SQL query
Back to DuckDB Data Engineering Glossary
Definition
A SQL query is a structured request written in Structured Query Language (SQL) that allows you to retrieve, analyze, or manipulate data stored in a database. The most common type of query uses the SELECT
statement to read data, though queries can also modify data using statements like INSERT
, UPDATE
, and DELETE
.
Basic Structure
A typical SQL query starts with SELECT
followed by the columns you want to retrieve, then FROM
to specify the source table(s), and optionally WHERE
to filter results. Additional clauses like GROUP BY
, HAVING
, and ORDER BY
help shape and organize the output.
DuckDB Examples
Here's a simple query that selects all columns from a table:
Copy code
SELECT * FROM employees;
A more complex query showing filtering, grouping and ordering:
Copy code
SELECT department,
COUNT(*) as employee_count,
AVG(salary) as avg_salary
FROM employees
WHERE status = 'active'
GROUP BY department
HAVING COUNT(*) > 5
ORDER BY avg_salary DESC;
DuckDB extends standard SQL syntax by allowing you to omit the SELECT
keyword when using *
, making this valid:
Copy code
FROM employees;
You can also use DuckDB's unique column selection syntax to dynamically select columns:
Copy code
SELECT COLUMNS('salary_.*')
FROM employees;
Common Use Cases
Data analysts and engineers use SQL queries to perform tasks like generating reports, analyzing trends, cleaning data, and integrating different data sources.

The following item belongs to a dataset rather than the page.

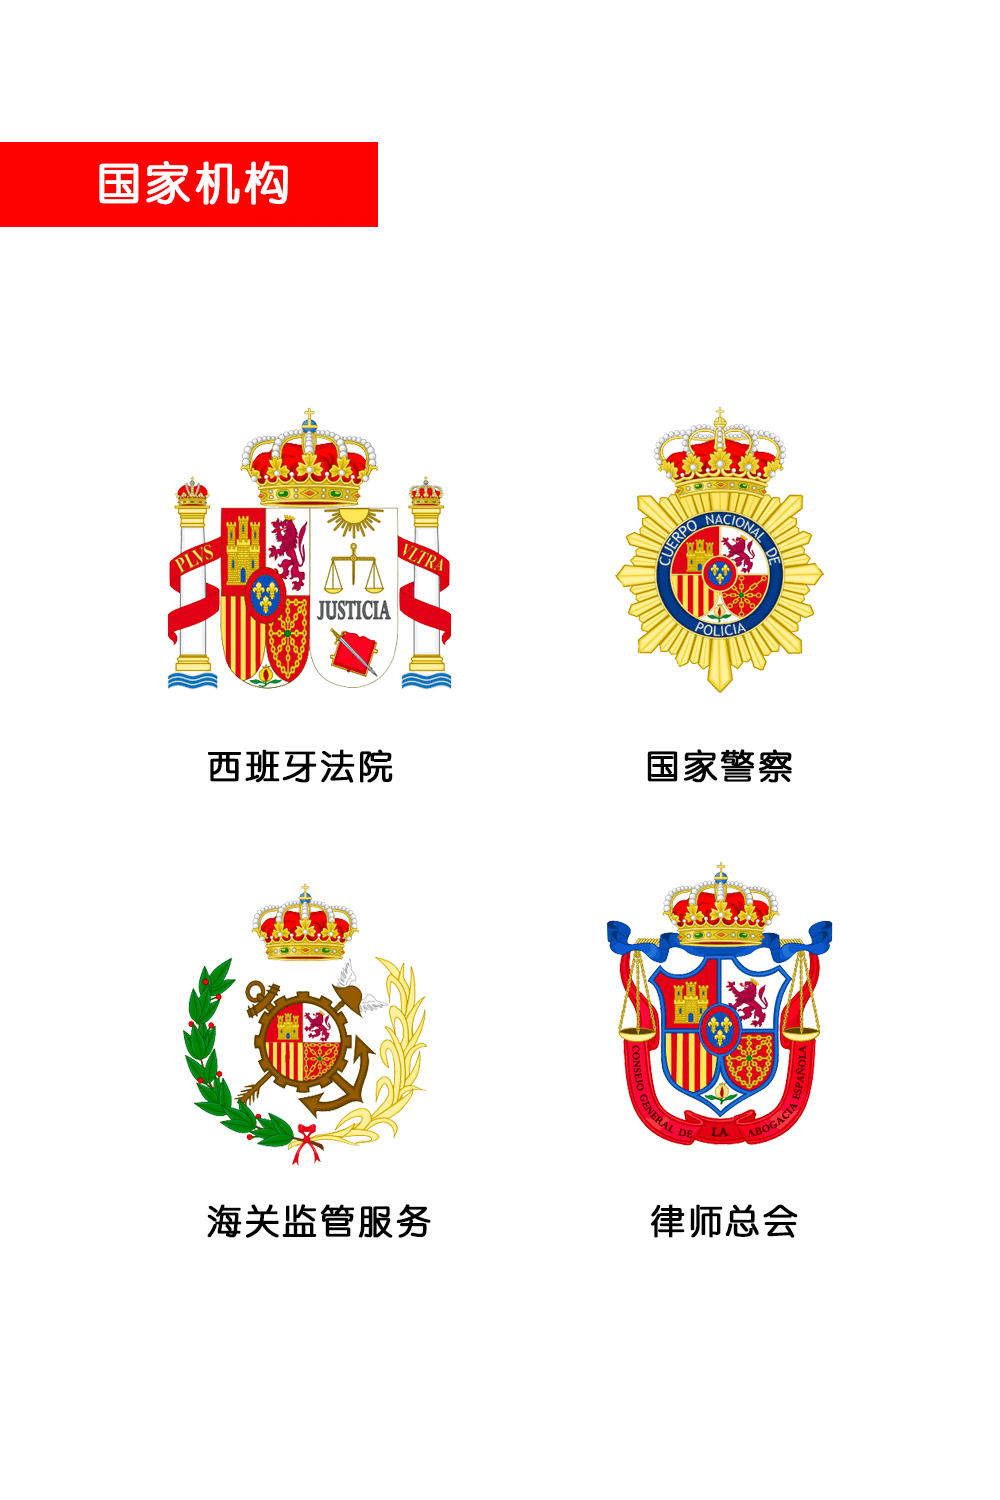 西班牙国徽中元素及意义 I 政府机构徽标(图4)
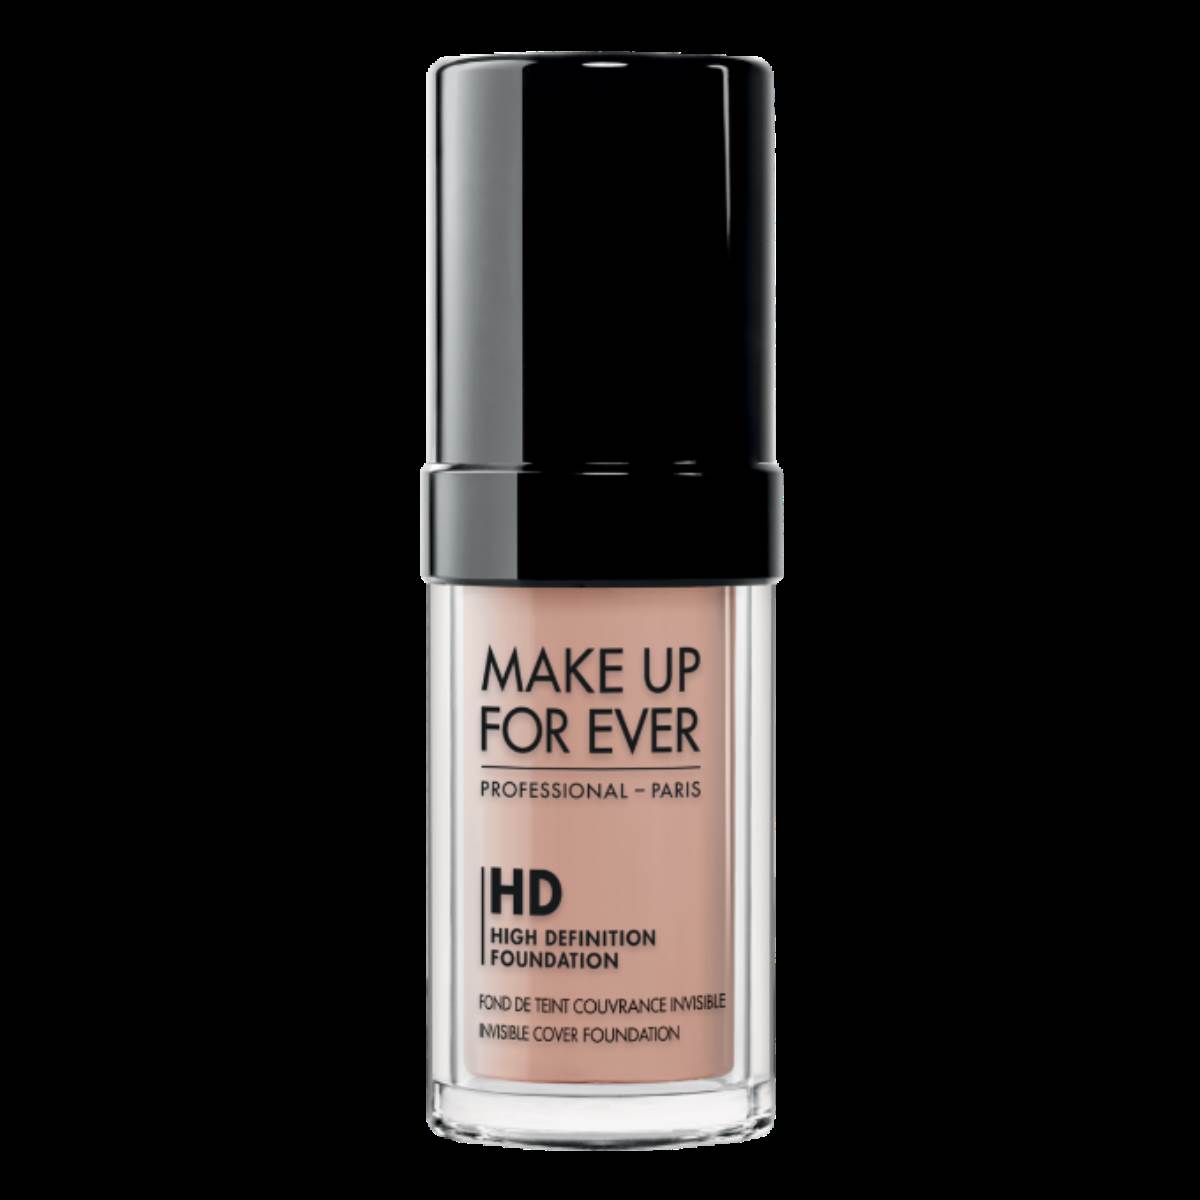  Make up for ever HD High definition foundation je jedan od najboljih pudera za zimu,

Queries can range from simple one-line statements to complex operations involving multiple joins, subqueries, and window functions.
DuckDB-Specific Features
DuckDB optimizes queries for analytical workloads and supports querying data directly from files like CSV and Parquet without first loading them into tables. It also includes extensions to standard SQL that make common analytical tasks more convenient, such as simplified grouping syntax and enhanced column selection capabilities.